Refer to Tables 7 and 8 for the possible cooling and heating CFM selections.

Find the recommended system airflow for the unit model.

Set desired cooling airflow by moving the jumper on the “Cool” tap located on the CFM selection board as indicated in Tables 7, 8 and Figure 10.

Airflow may be increased by 10% by moving the “ADJ” jumper to “B”. Airflow may be decreased by 10% by moving the “ADJ” jumper to “C”.

NOTE: CFM indicator light flashes once for every 100 CFM (i.e., 12 flashes = 1200 CFM).

To Set Delay Profile:

Every unit has multiple cooling “blower off delay” profiles to optimize system performance and efficiency. Refer to Table 19 for the regional climate in your area. Place the “DELAY” jumper tap on the CFM selection board to the appropriate pin setting.

To Set Electric Heat CFM:

The airflow required for Electric Heat may be different than for cooling.

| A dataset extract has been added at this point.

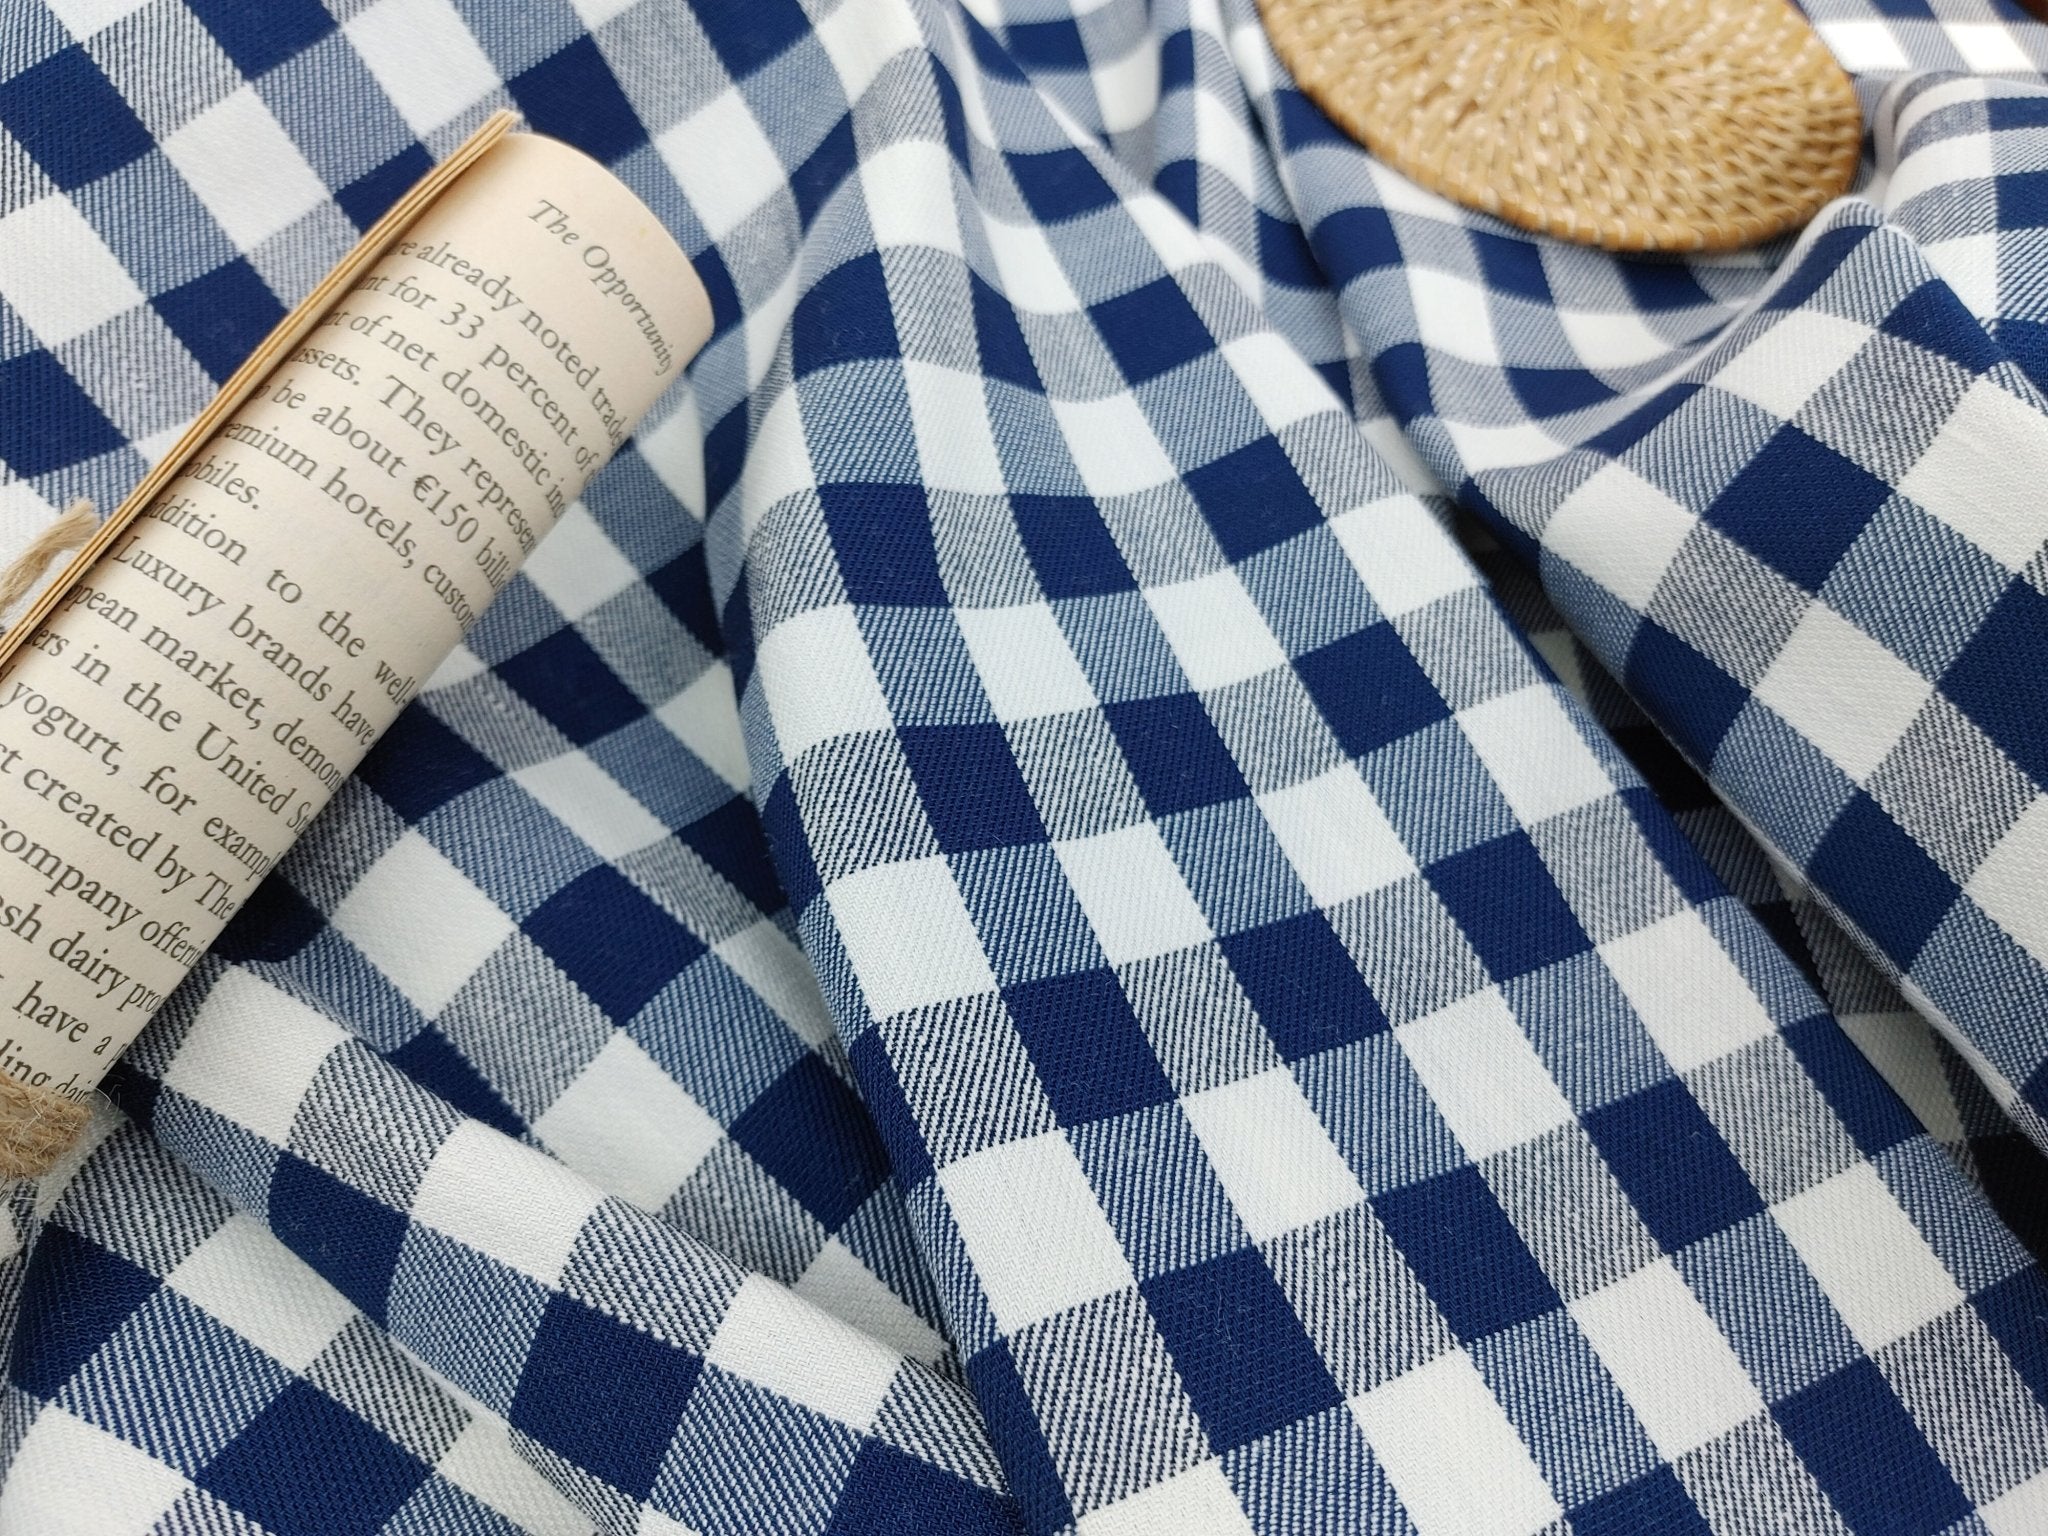 Linen Twill Stretch Fabric with Gingham Check - Medium Weight 7633 7634 - The Linen Lab - Blue

Refer to Table 10 for the minimum required CFM for the electric heater installed. Find the desired airflow in Tables 7 and 8. Set the “Heat” Jumper on the CFM selection board to tap shown.

Unitary Products Group

17

Page 17
Image 17
York R-410A dimensions Blower Speed Selection

R-410A specifications

York R-410A is a widely recognized and highly efficient refrigerant used in modern air conditioning systems. Developed as an environmentally friendly alternative to R-22, R-410A has gained popularity in the HVAC industry due to its numerous advantageous features and characteristics.

One of the main features of York R-410A is its ability to provide superior cooling performance. This refrigerant operates efficiently at both high and low temperatures, allowing systems using it to maintain optimal indoor climates even during extreme weather conditions. Its high energy efficiency ratio (EER) and seasonal energy efficiency ratio (SEER) ratings make it a preferred choice for energy-conscious consumers, resulting in lower energy bills and a reduced carbon footprint.

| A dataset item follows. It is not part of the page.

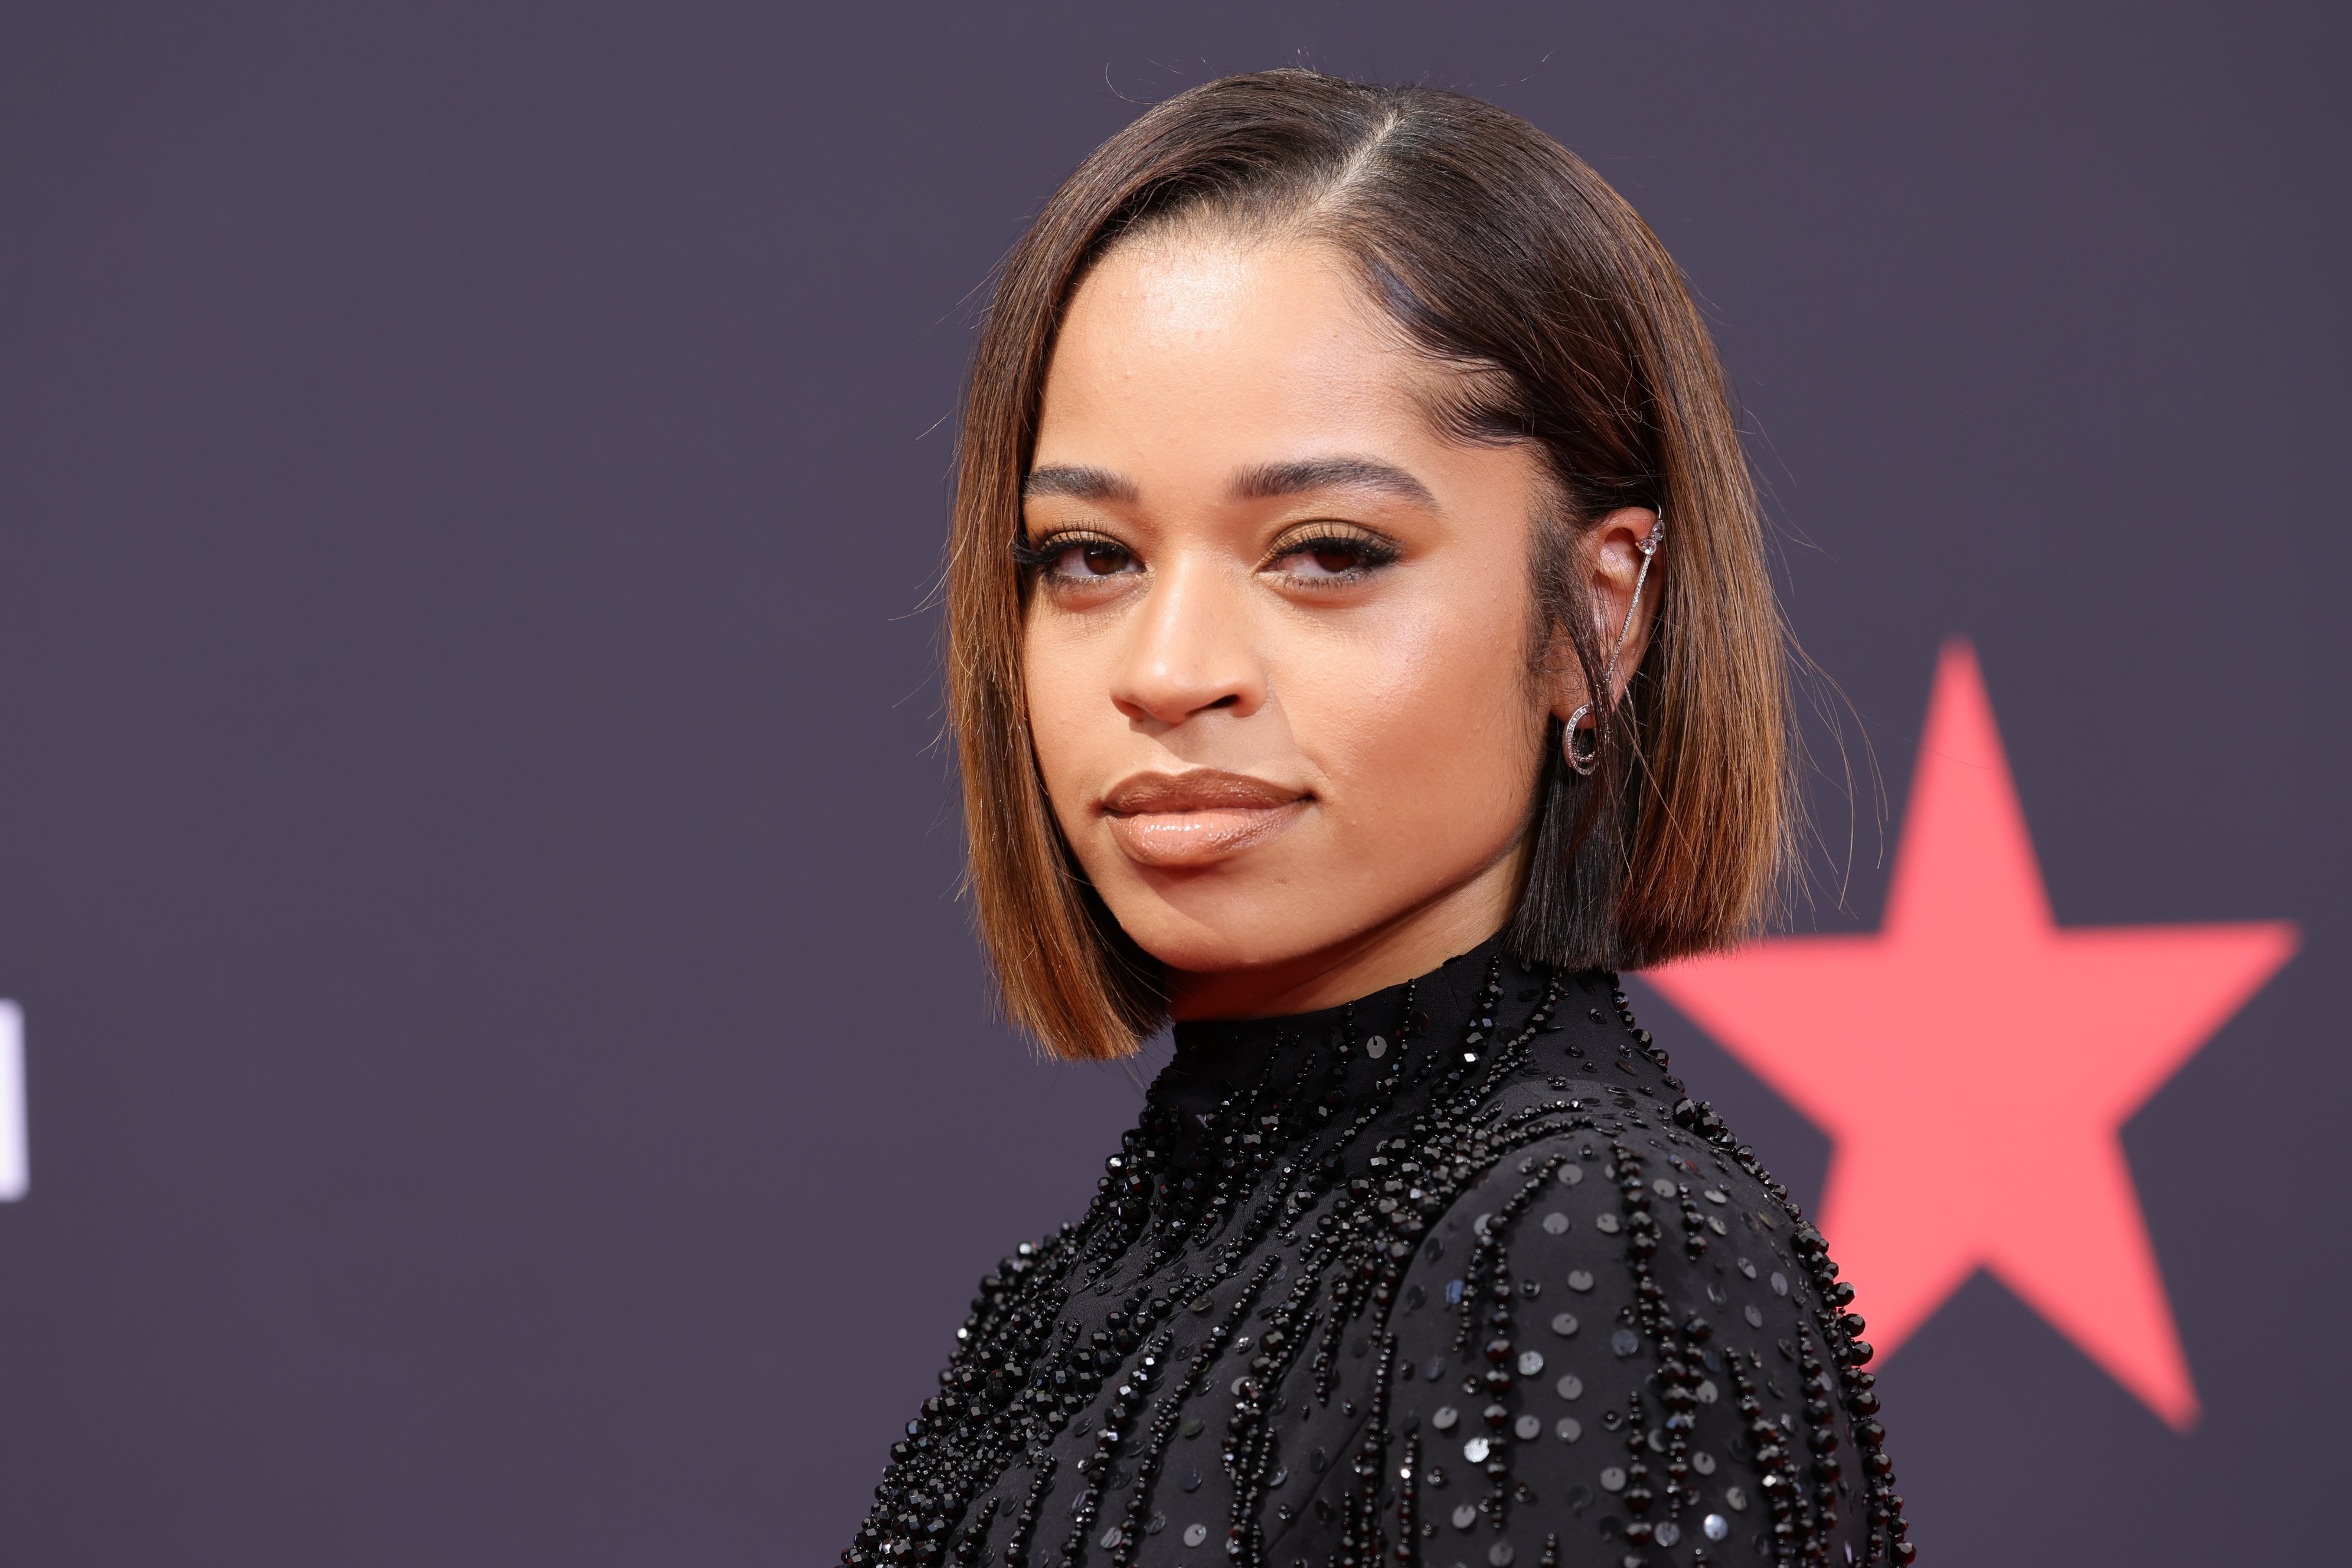 Ella Mai attends the 2022 BET Awards at Microsoft Theater on June 26, 2022 in Los Angeles, California. | Source: Getty Images

Technologically, York R-410A systems feature advanced compressor designs that enhance their overall reliability and performance. These compressors are often equipped with variable-speed technology, enabling them to adjust their output to match the cooling demands of the space. This not only improves comfort levels but also leads to efficient energy consumption, reducing wear and tear on the equipment over time.

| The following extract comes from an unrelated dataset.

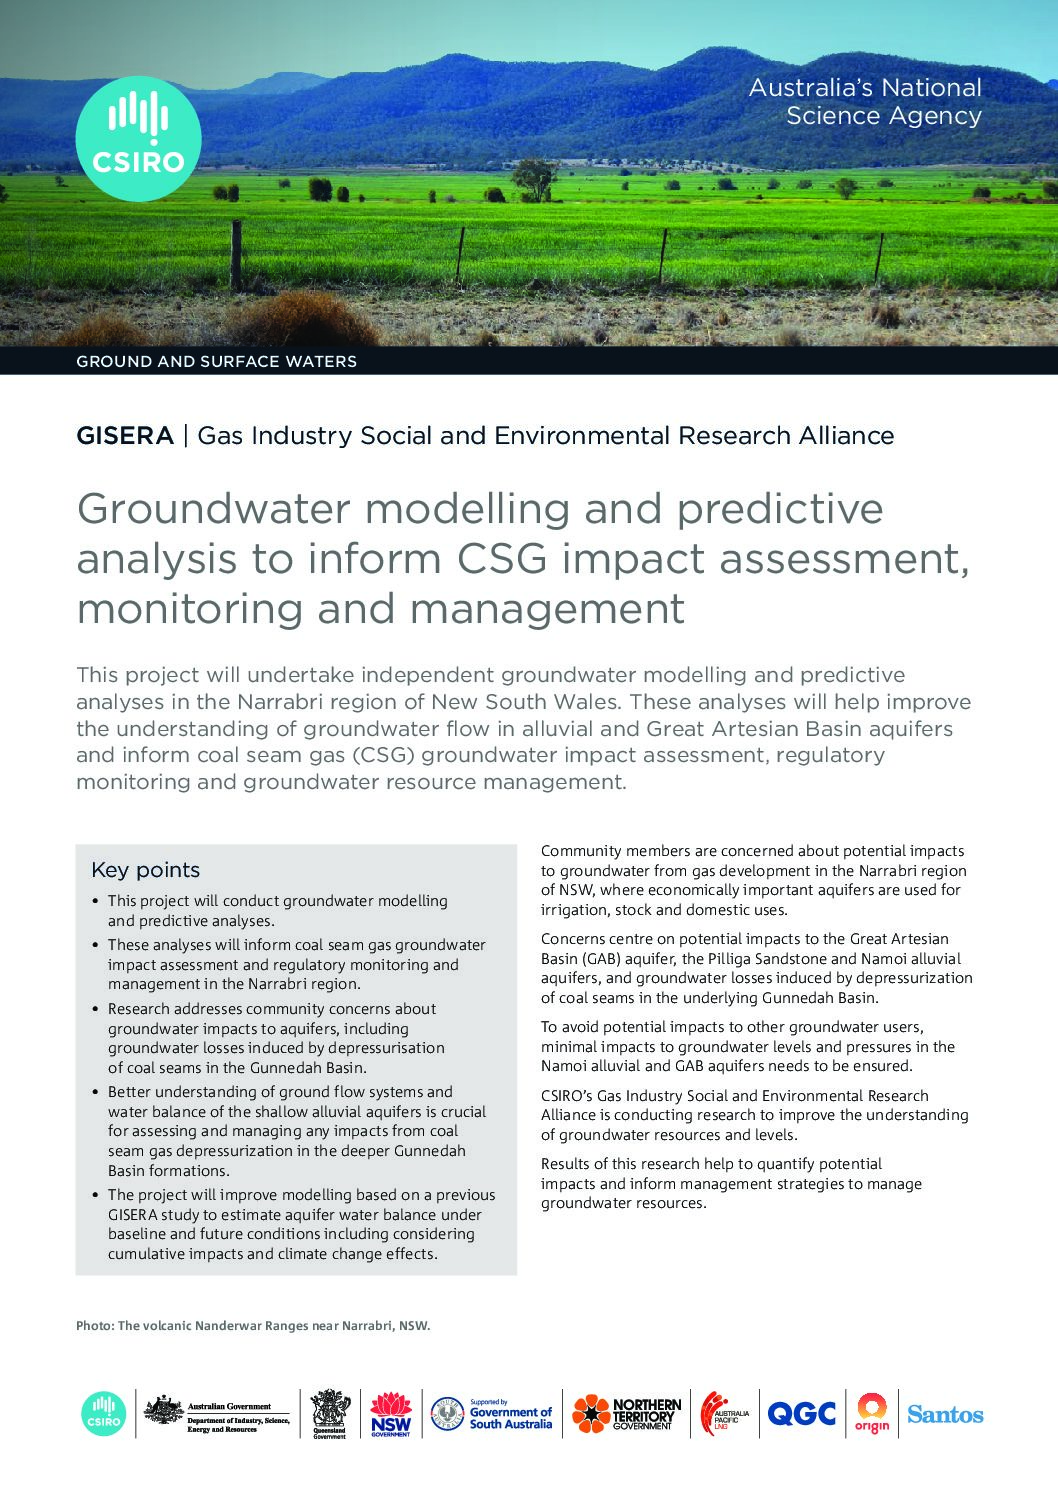 Regional-scale modelling and predictive uncertainty analysis of cumulative  groundwater impacts from coal seam gas and coal mining developments

Another significant characteristic of York R-410A is its non-ozone-depleting properties. Unlike its predecessor R-22, which is being phased out due to its damaging effects on the ozone layer, R-410A is designed to minimize environmental impact. Its lower global warming potential (GWP) further underscores its role in promoting sustainability within the HVAC sector.

Furthermore, York R-410A systems are engineered with enhanced safety features. The refrigerant is non-toxic and non-flammable, which makes it safer for use in both residential and commercial applications. Additionally, its high thermal stability reduces the risk of breakdown or leakage, contributing to longer system lifespans and lower maintenance costs.

In conclusion, York R-410A stands out as a cutting-edge refrigerant that combines efficiency, safety, and environmental responsibility. With its advanced technologies and remarkable characteristics, it meets the demands of modern air conditioning requirements while paving the way for a sustainable future in HVAC systems. Adopting York R-410A not only benefits individual users through improved comfort and lower energy bills but also plays a vital role in protecting our planet's ozone layer and mitigating climate change.